The court divided in both cases. It upheld the law school program that sought a “critical mass” of minorities by a 5-4 vote, with O’Connor siding with the court’s more liberal justices to decide the case.
The court split 6-3 in finding the undergraduate program unconstitutional. Chief Justice William H. Rehnquist wrote the majority opinion in the undergraduate case, joined by O’Connor and Justices Antonin Scalia, Anthony M. Kennedy, Clarence Thomas and Stephen Breyer.
Justices John Paul Stevens, David Souter and Ruth Bader Ginsburg dissented.


Government has a compelling interest in promoting racial diversity on campus, but the undergraduate school’s admissions policy is not the way to get there, the court majority said.
“The university’s policy, which automatically distributes 20 points, or one-fifth of the points needed to guarantee admission, to every single underrepresented minority applicant solely because of race, is not narrowly tailored to achieve the interest in educational diversity,” that Michigan claimed justified the policy, Rehnquist wrote.
The ruling affects tax-supported schools, and by extension private schools and other institutions, that have looked for ways to boost minority enrollment without violating the Constitution’s guarantee against discrimination.
The University of Michigan cases are the most significant test of affirmative action to reach the court in a generation. At issue was whether racial preference programs unconstitutionally discriminate against white students.
The rulings follow the path the court set a generation ago, when it outlawed quotas but still left room for schools to improve the odds for minority applicants.
The two Michigan cases directly address only admissions at public, tax-supported institutions. But the court’s rationale is expected to have a wide ripple through private colleges and universities, other government decision-making and the business world.
Opponents of affirmative action had hoped the Supreme Court would use this opportunity to ban most consideration of race in any government decisions. The court is far more conservative than in 1978, when it last ruled on affirmative action in higher education admissions, and the justices have put heavy conditions on government affirmative action in other arenas over the past decade.

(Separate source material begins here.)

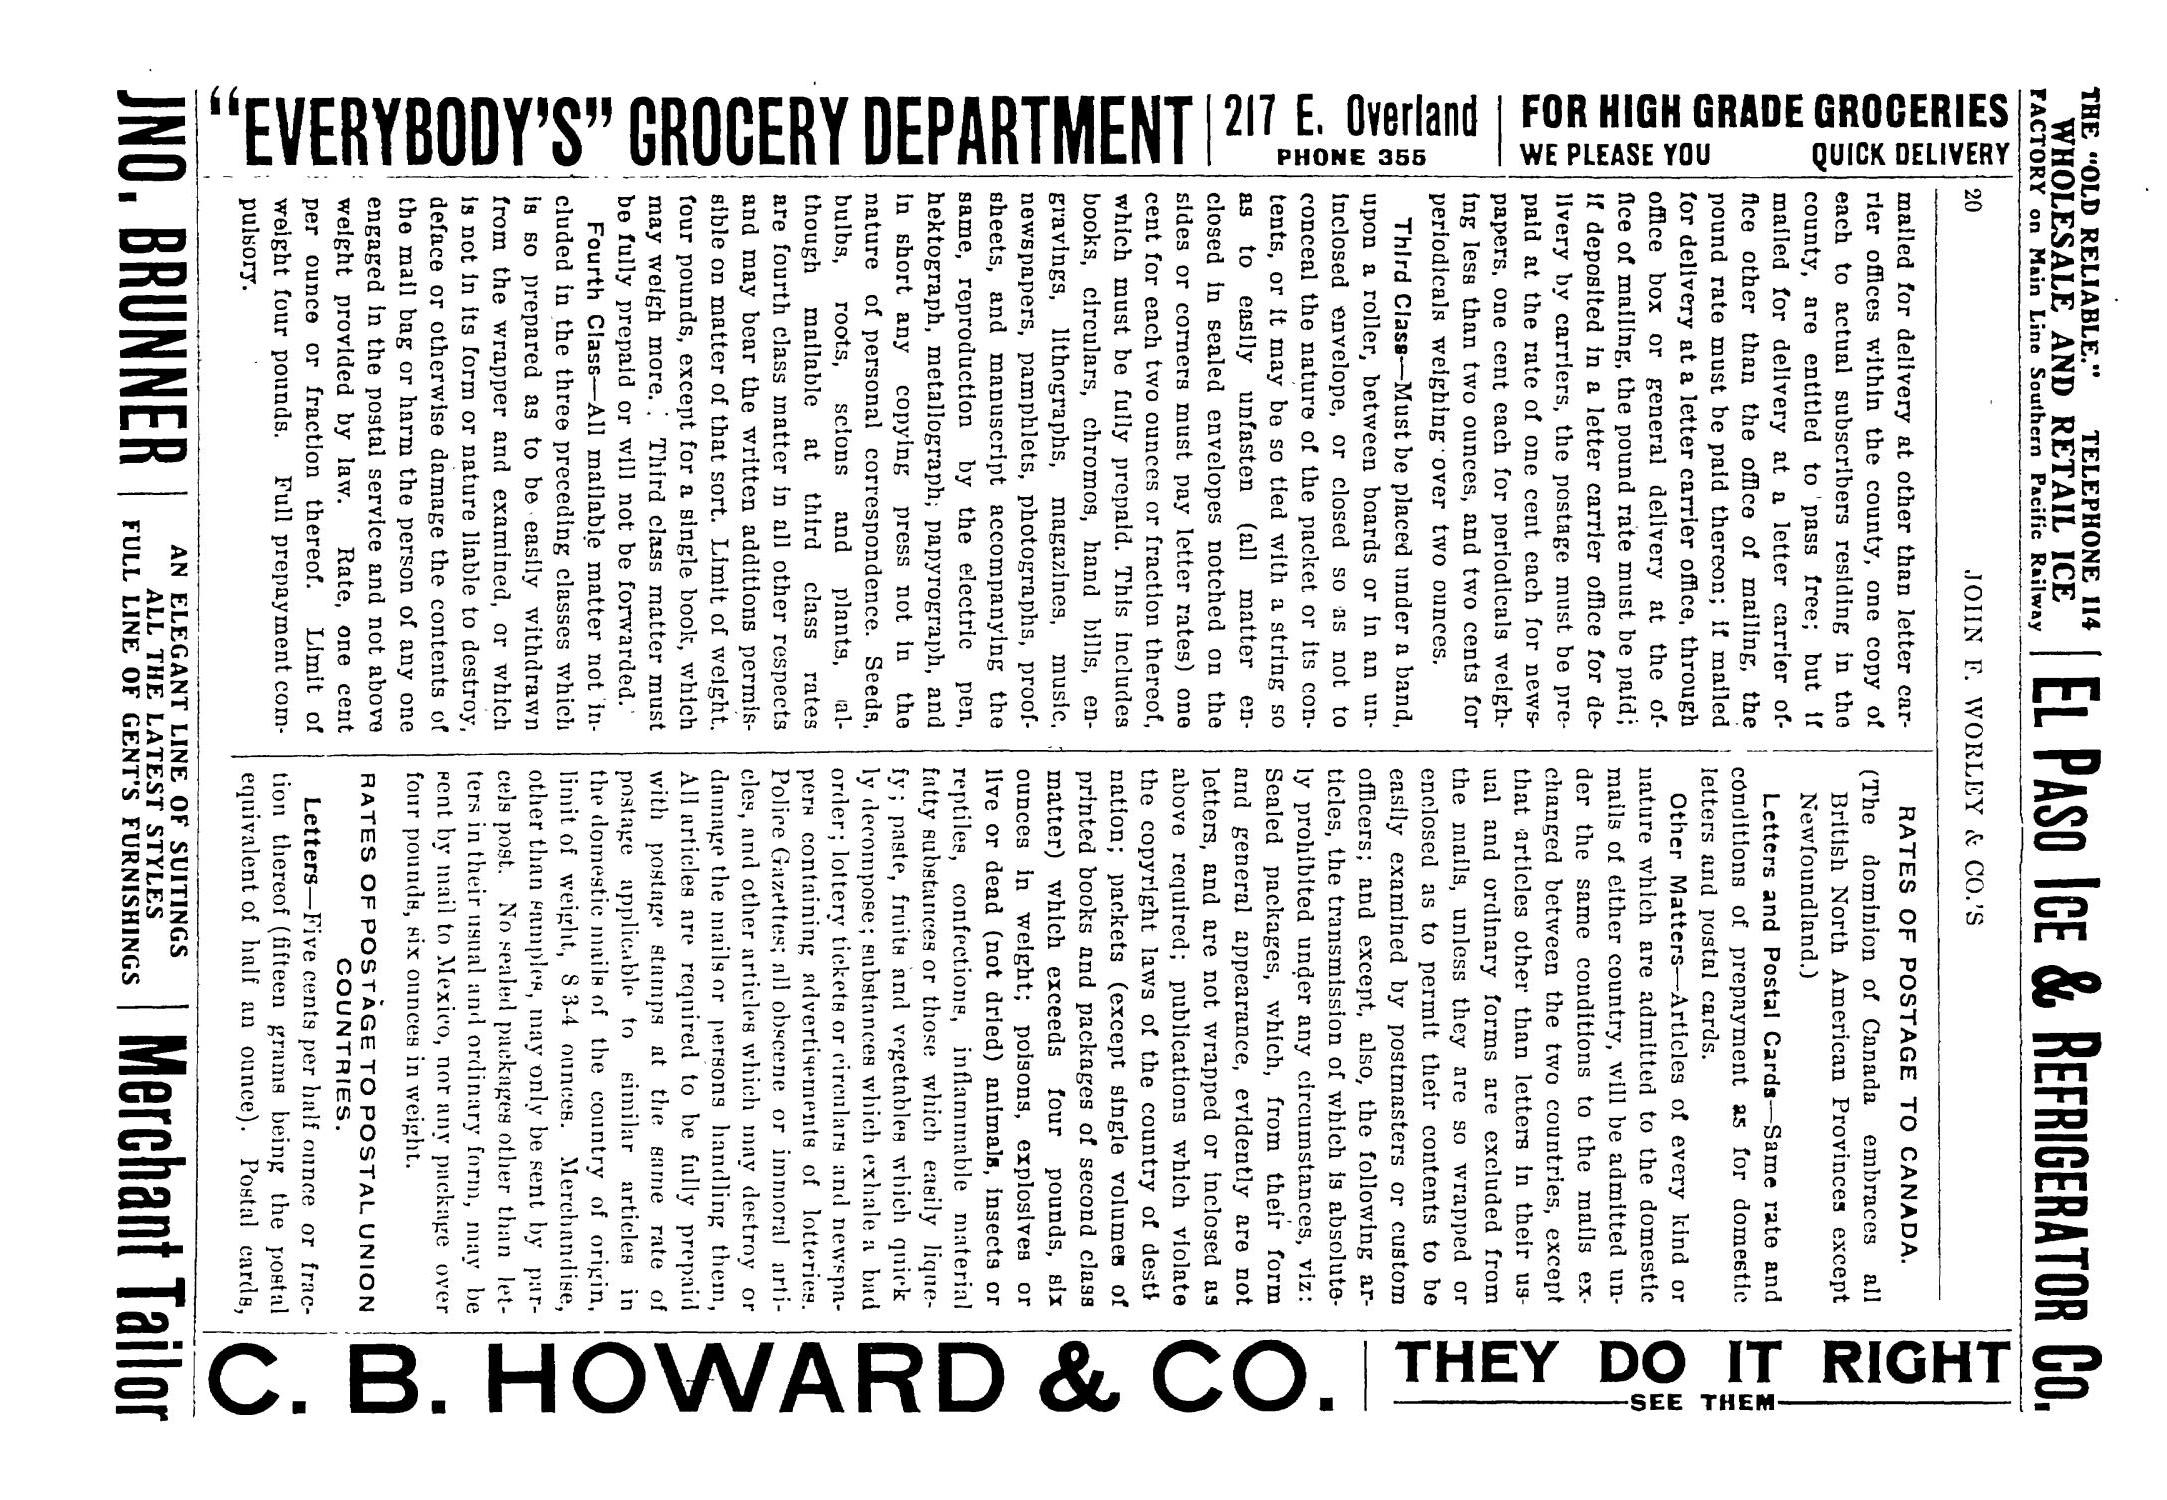 John F. Worley & Co.'s El Paso Directory for 1906
                                                
                                                    20

Defending its general approach to affirmative action, the university has said that having what it calls a critical mass of minority students benefits the whole student body. Minorities must be present in more than token numbers to ensure all students can interact, the university has said.
Michigan insists that it accepts only academically qualified students, no matter what their race.
Michigan’s undergraduate school used a 150-point index to screen applicants. The 20 points awarded to minorities was more than the school awarded for some measures of academic excellence, writing ability or leadership skills. Outstanding athletes also got 20 points, as did impoverished applicants.
The school has also “flagged” minority applications, making it easier to keep an applicant in the pool even if he or she flunked an initial review.
In 1997, the year that two white students sued, the school had 13,500 applicants and selected 3,958 of them as freshmen.
The white plaintiffs, Jennifer Gratz and Patrick Hamacher, were Michigan residents with good grades and other qualifications when they were rejected at the flagship Ann Arbor campus. Both have since graduated from other colleges.
The Bush administration sided with the students, but did not call for an outright end to affirmative action.
The students were supported by a range of conservative legal groups, some law professors and affirmative action opponents.
The university’s law school program uses a separate, less structured system to promote minority enrollment.
The law school case is Grutter v. Bollinger, 02-241; the undergraduate case is Gratz v. Bollinger, 02-516.